### WORK TO BE COMPLETED
Every line below needs to be printed again exactly, without any of its pictures.

SOURCE DATA START

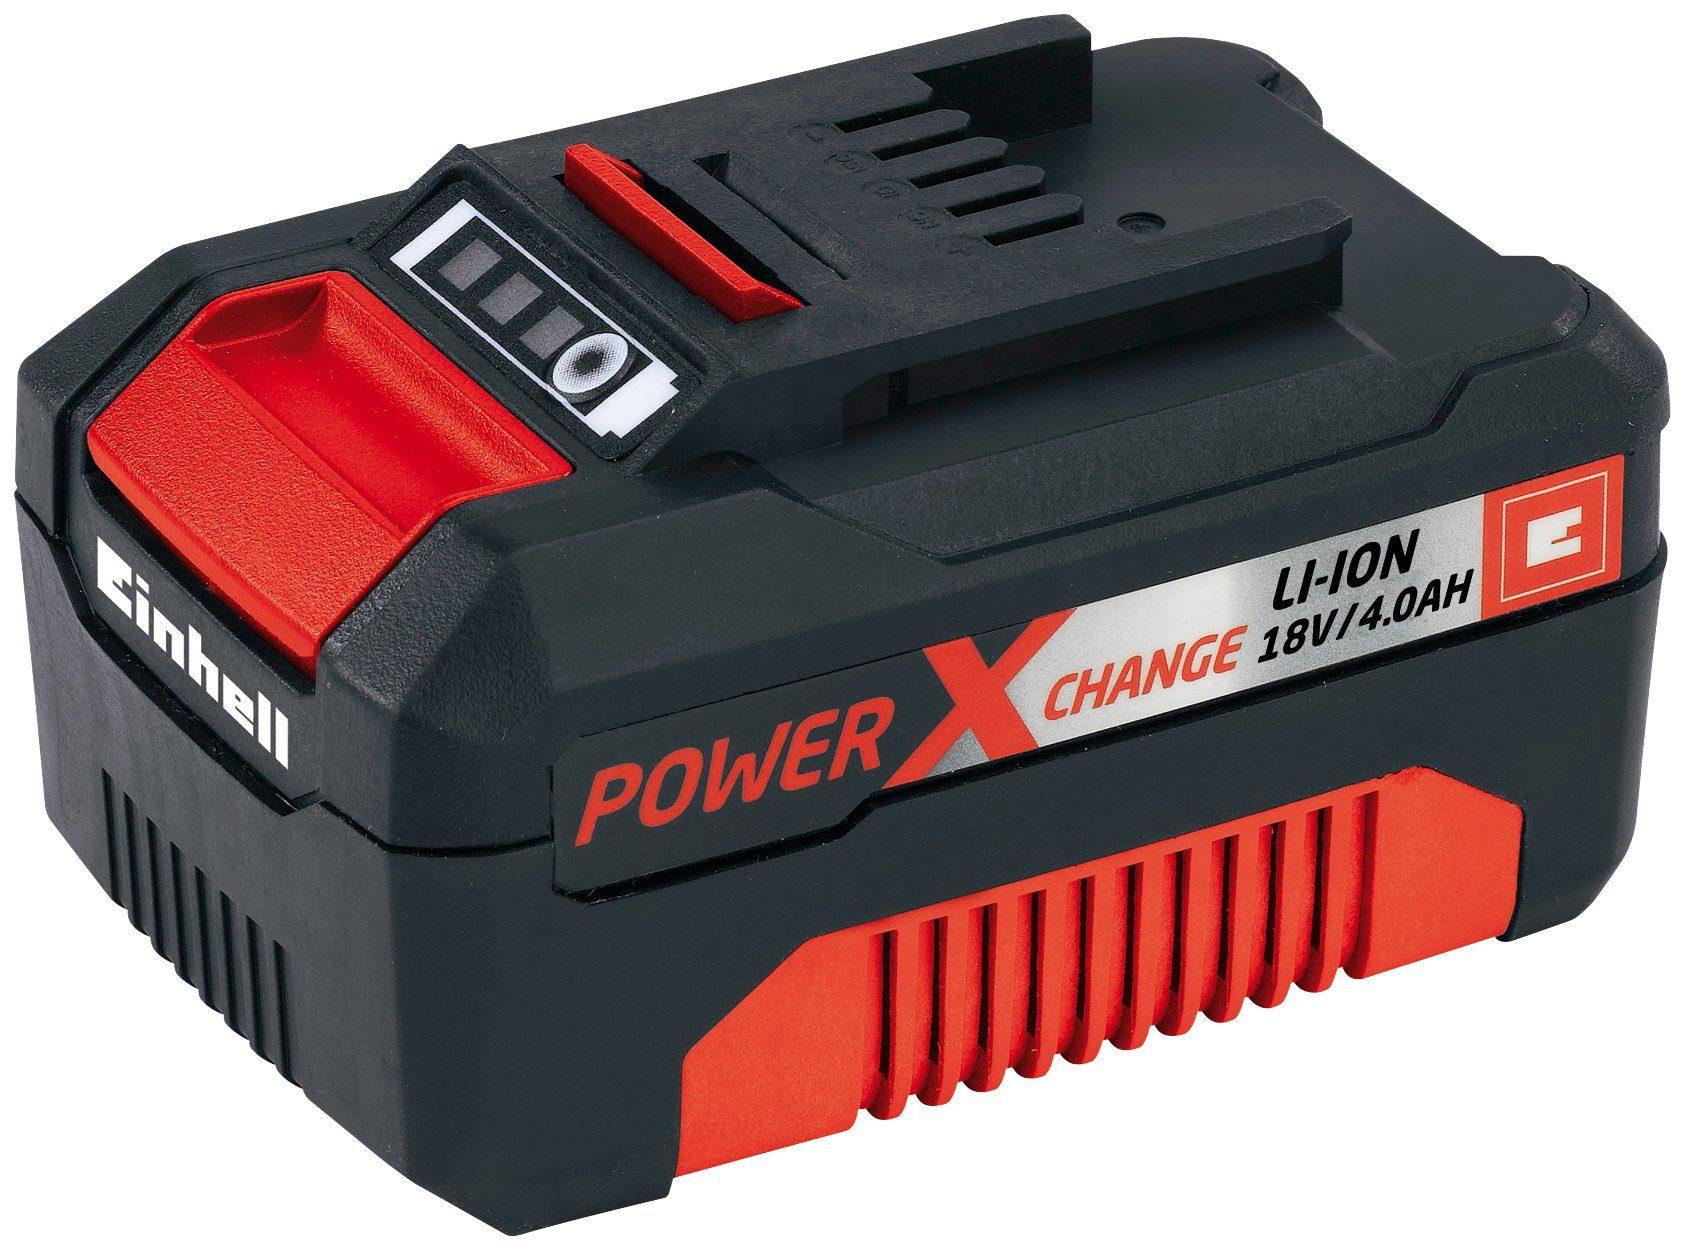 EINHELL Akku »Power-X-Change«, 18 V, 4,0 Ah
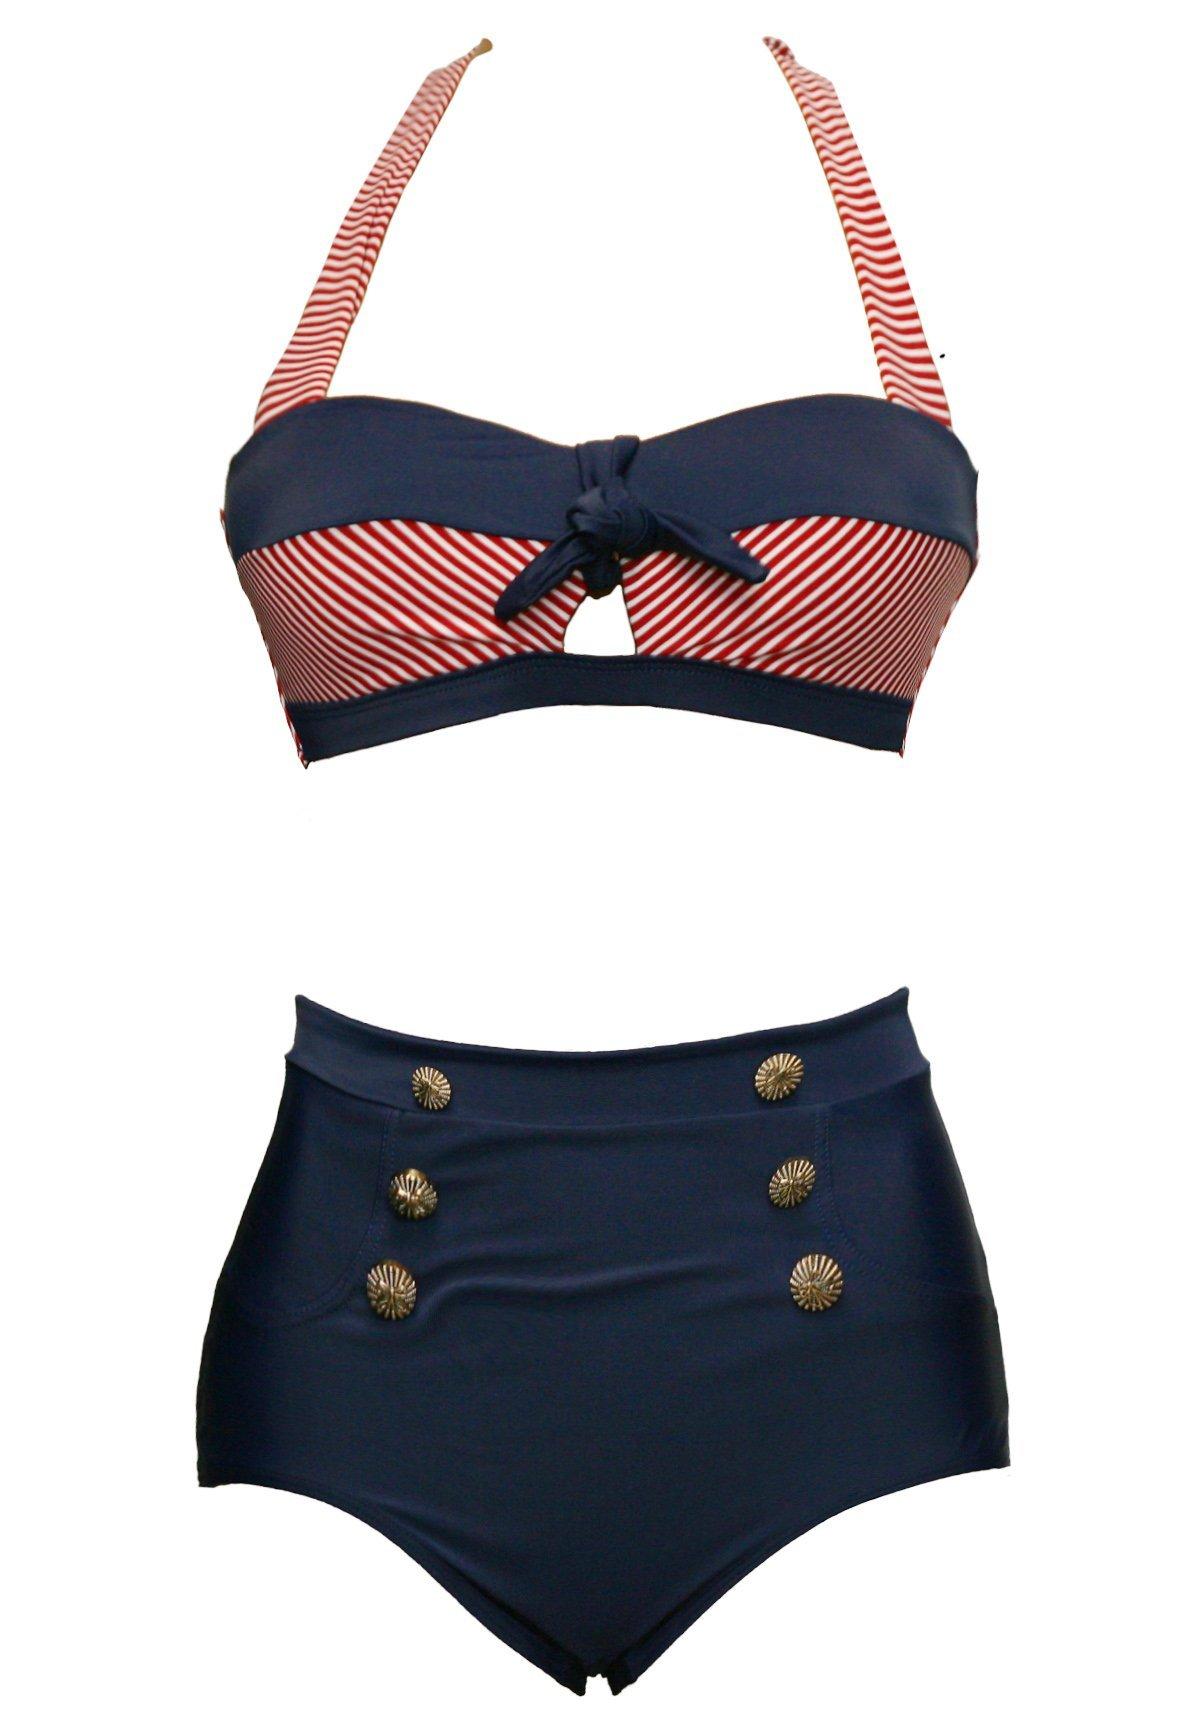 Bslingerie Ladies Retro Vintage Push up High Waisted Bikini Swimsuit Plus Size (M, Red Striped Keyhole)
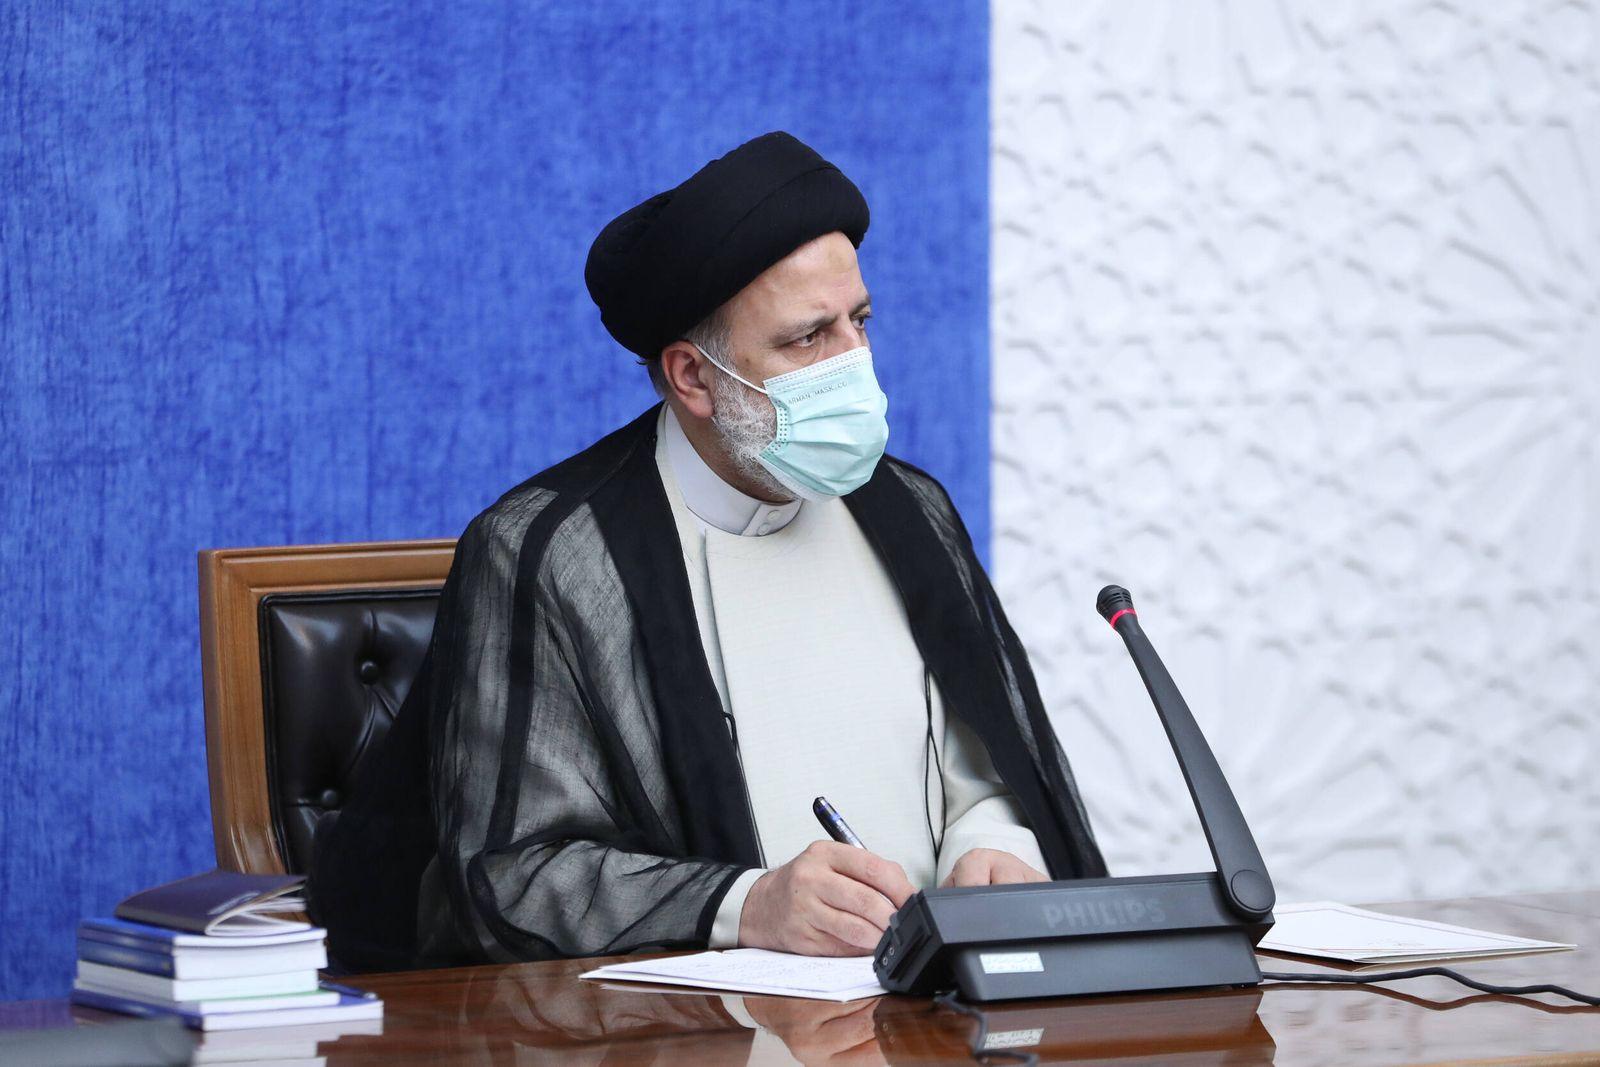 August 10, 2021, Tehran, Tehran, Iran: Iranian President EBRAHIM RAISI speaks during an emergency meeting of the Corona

SOURCE DATA END

### RESULT
 EINHELL Akku »Power-X-Change«, 18 V, 4,0 Ah
 Bslingerie Ladies Retro Vintage Push up High Waisted Bikini Swimsuit Plus Size (M, Red Striped Keyhole)
 August 10, 2021, Tehran, Tehran, Iran: Iranian President EBRAHIM RAISI speaks during an emergency meeting of the Corona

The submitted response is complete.